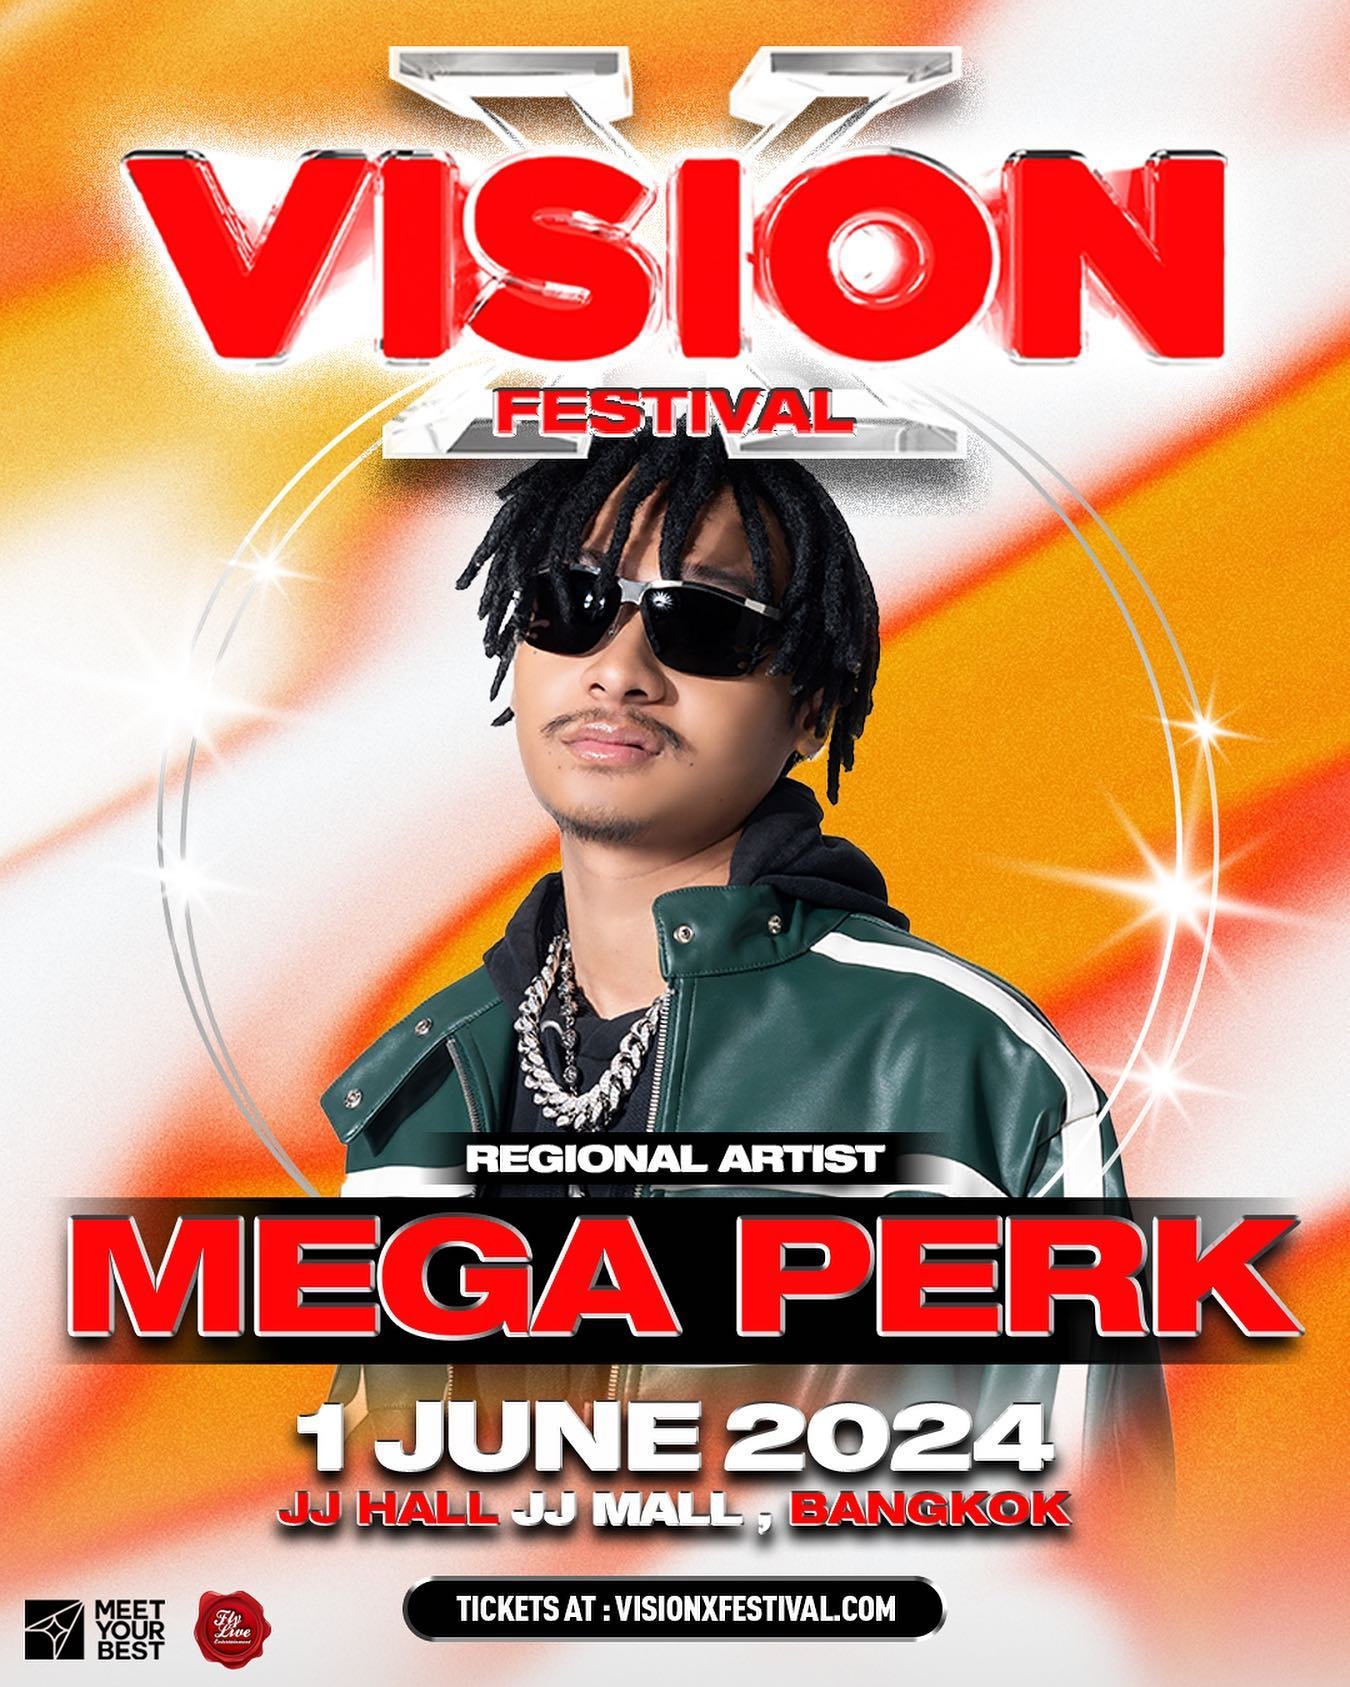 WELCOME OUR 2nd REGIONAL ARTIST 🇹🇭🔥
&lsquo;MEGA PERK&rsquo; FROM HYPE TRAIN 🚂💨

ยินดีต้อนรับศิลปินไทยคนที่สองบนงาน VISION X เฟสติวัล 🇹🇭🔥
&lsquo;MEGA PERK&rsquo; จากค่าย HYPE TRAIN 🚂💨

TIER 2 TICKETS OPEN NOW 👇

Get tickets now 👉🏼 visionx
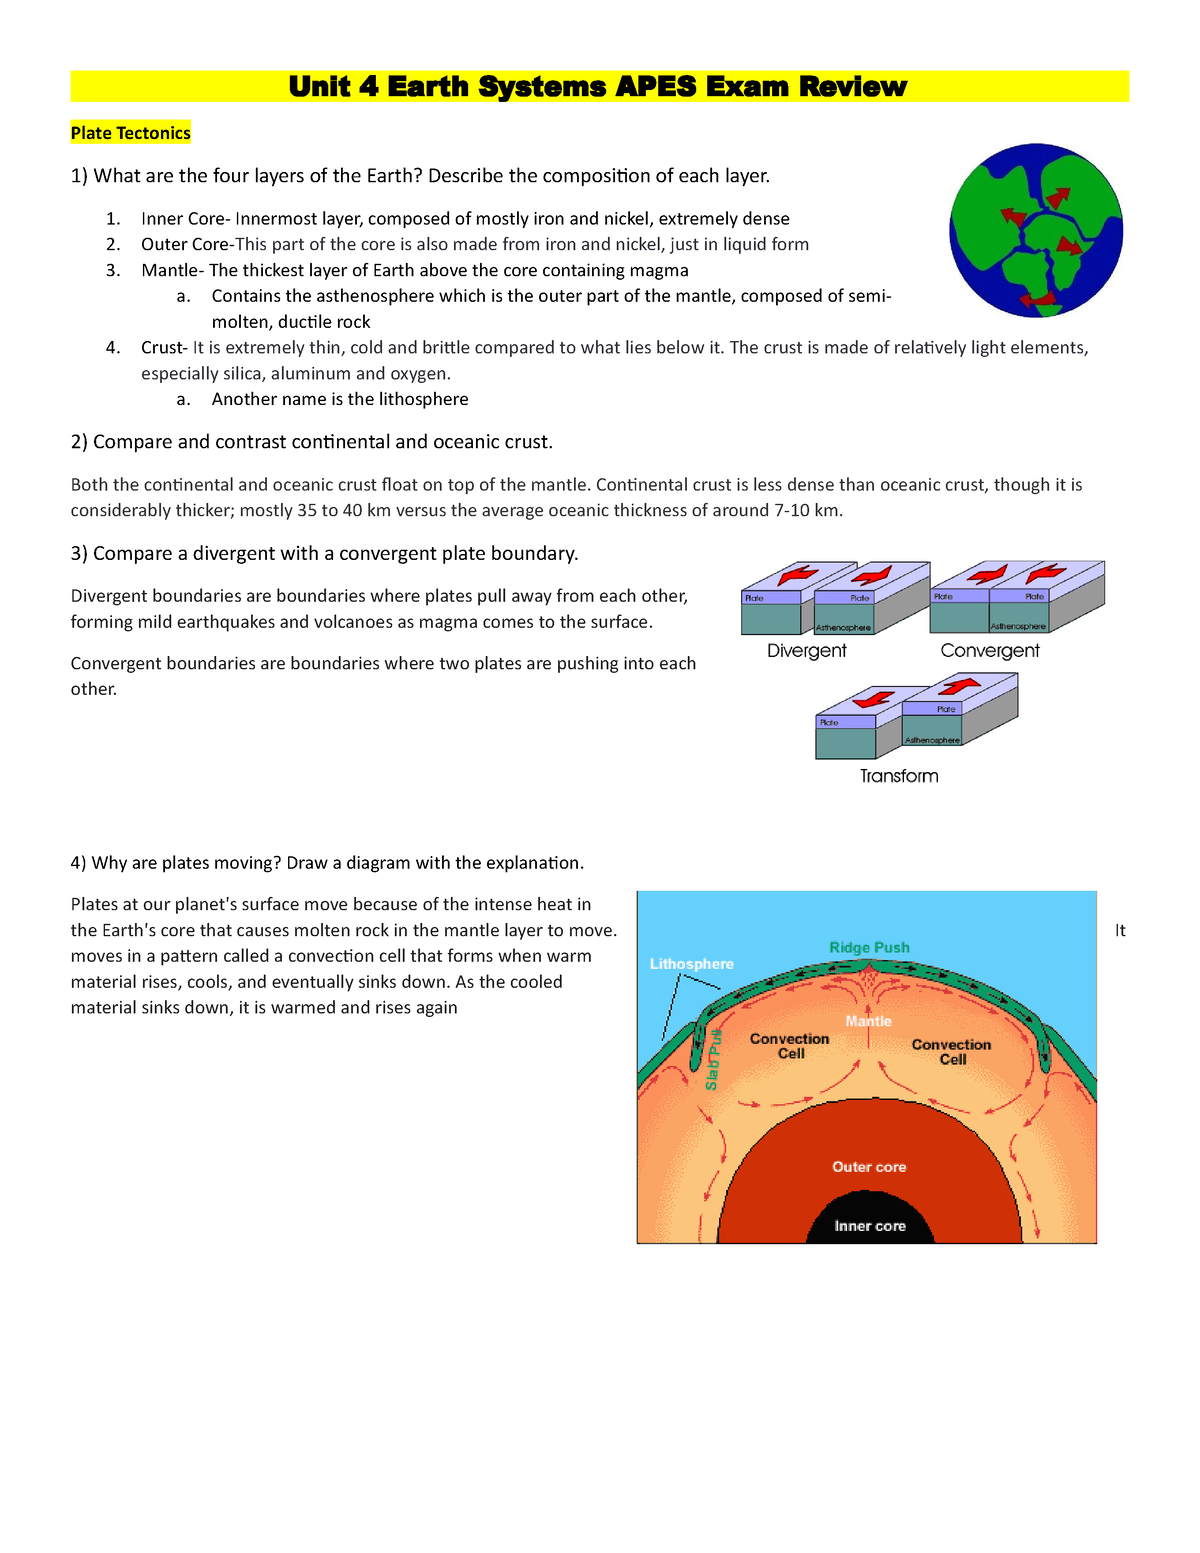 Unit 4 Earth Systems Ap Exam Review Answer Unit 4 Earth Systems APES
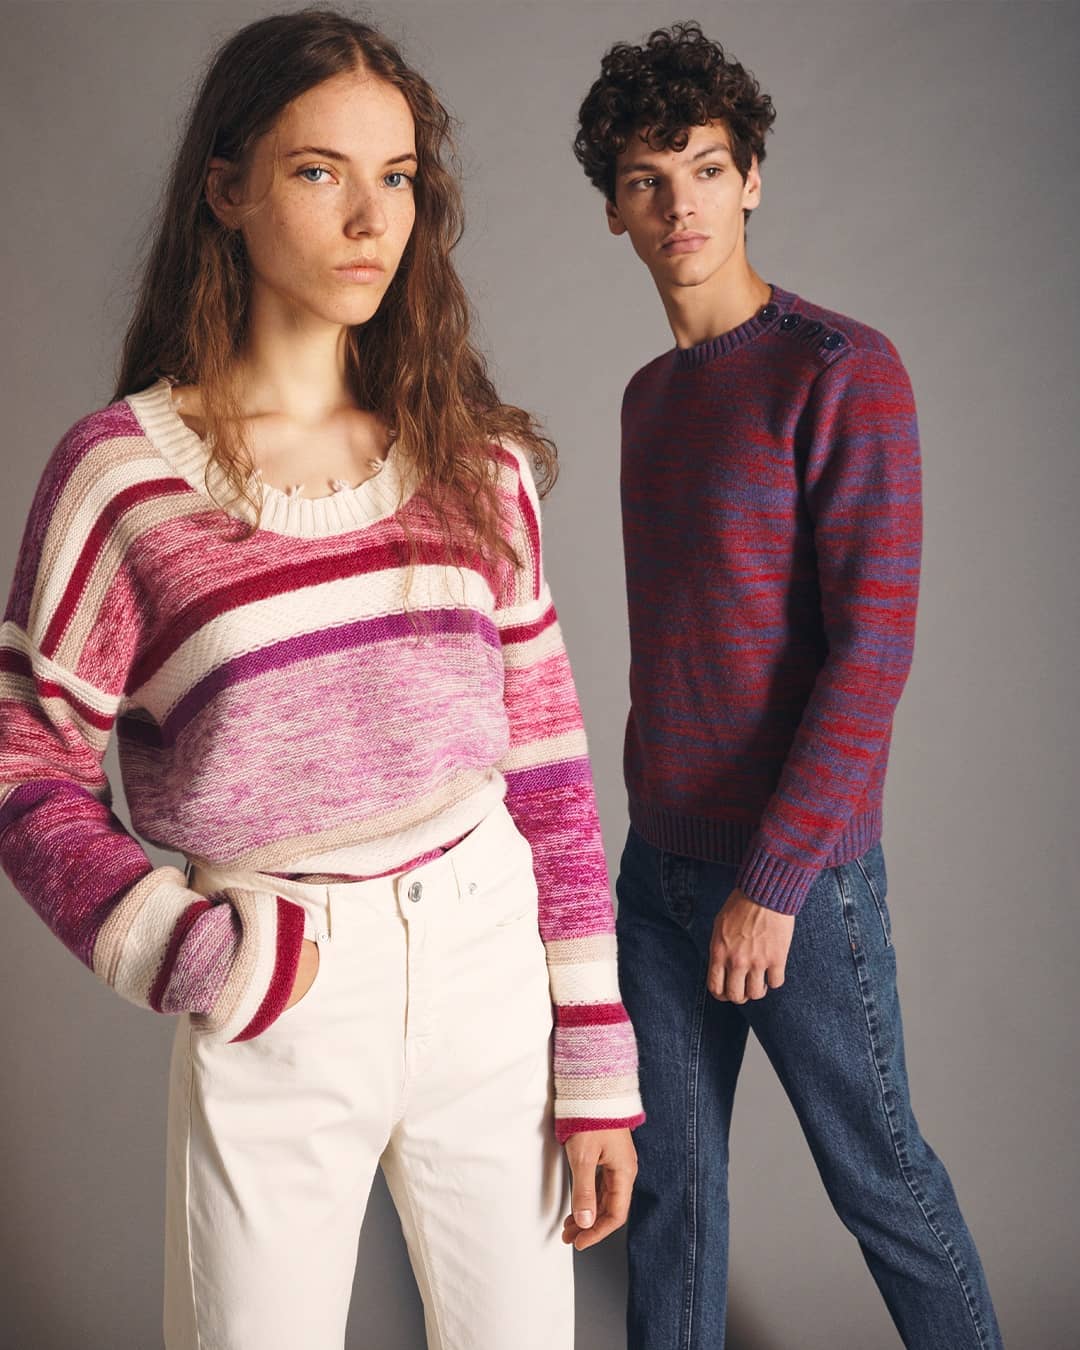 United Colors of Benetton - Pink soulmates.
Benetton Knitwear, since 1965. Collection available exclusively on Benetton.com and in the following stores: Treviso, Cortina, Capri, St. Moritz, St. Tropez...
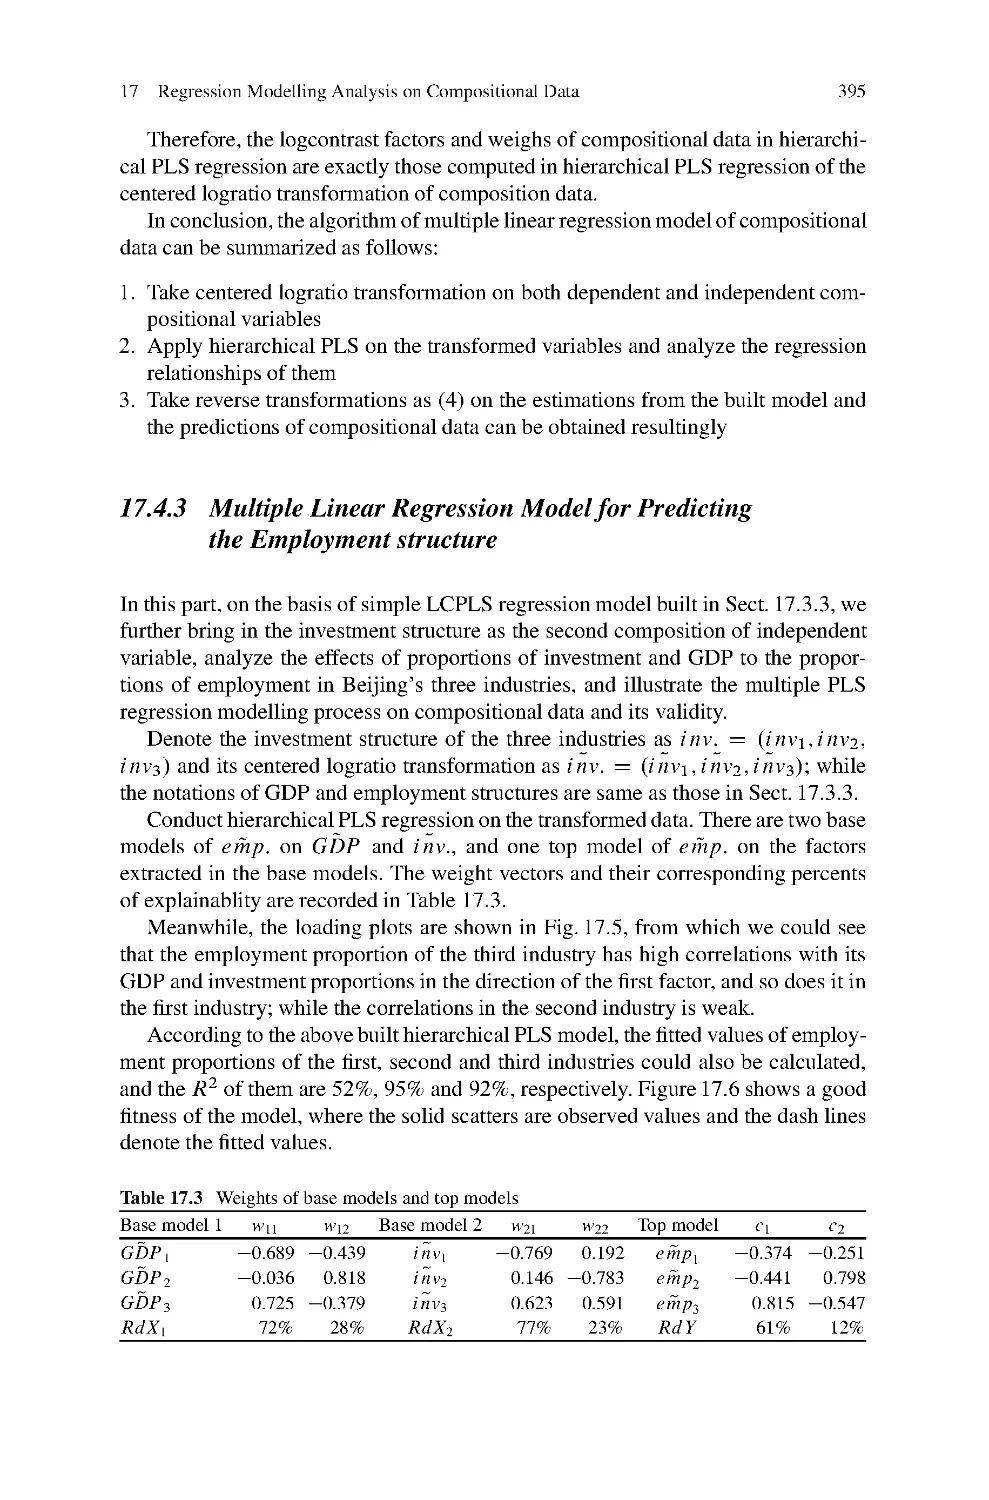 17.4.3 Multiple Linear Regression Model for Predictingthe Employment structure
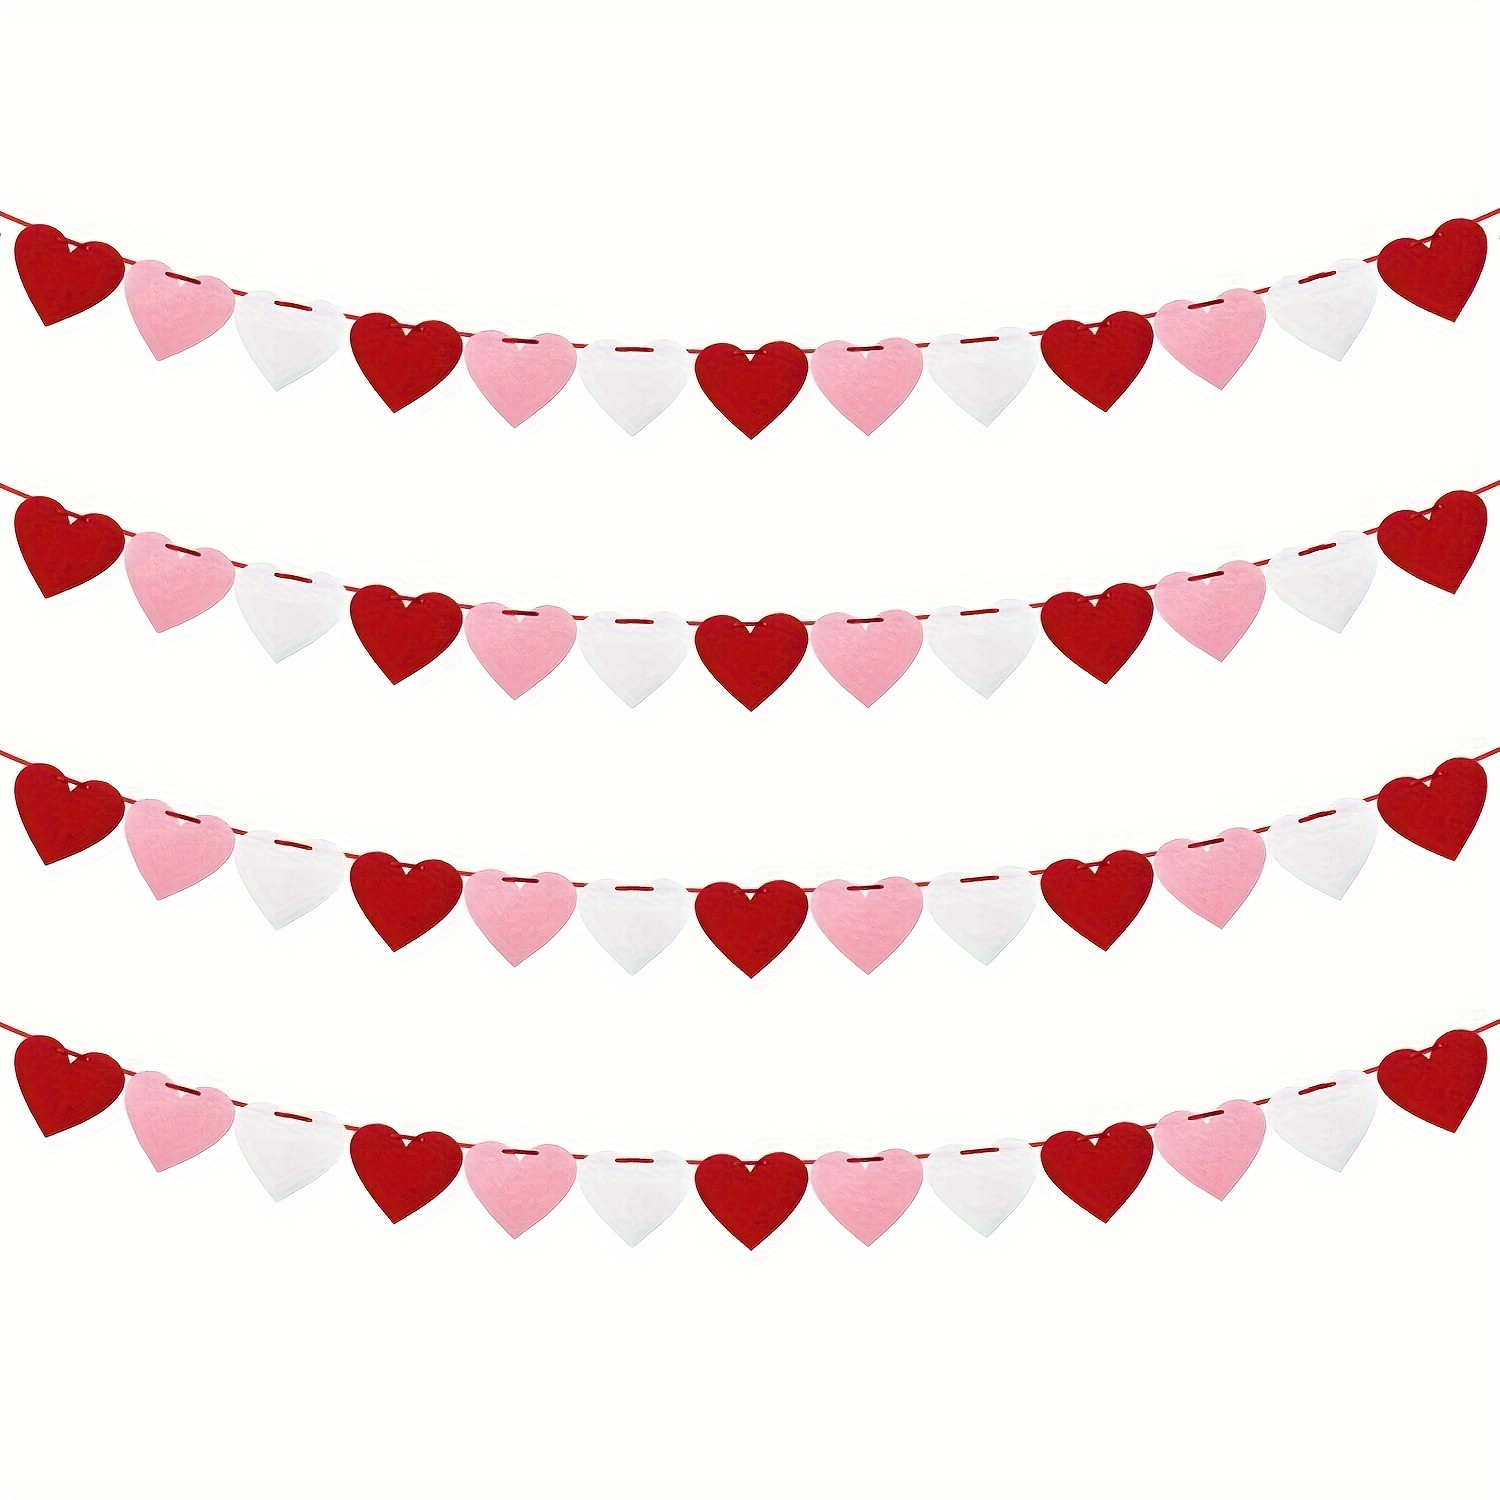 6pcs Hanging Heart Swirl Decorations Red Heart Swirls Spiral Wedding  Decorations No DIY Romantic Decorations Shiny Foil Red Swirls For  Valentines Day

Task:
Look through the data above and report every line in which "HYPE" appears.

Response below:
&lsquo;MEGA PERK&rsquo; FROM HYPE TRAIN 🚂💨
&lsquo;MEGA PERK&rsquo; จากค่าย HYPE TRAIN 🚂💨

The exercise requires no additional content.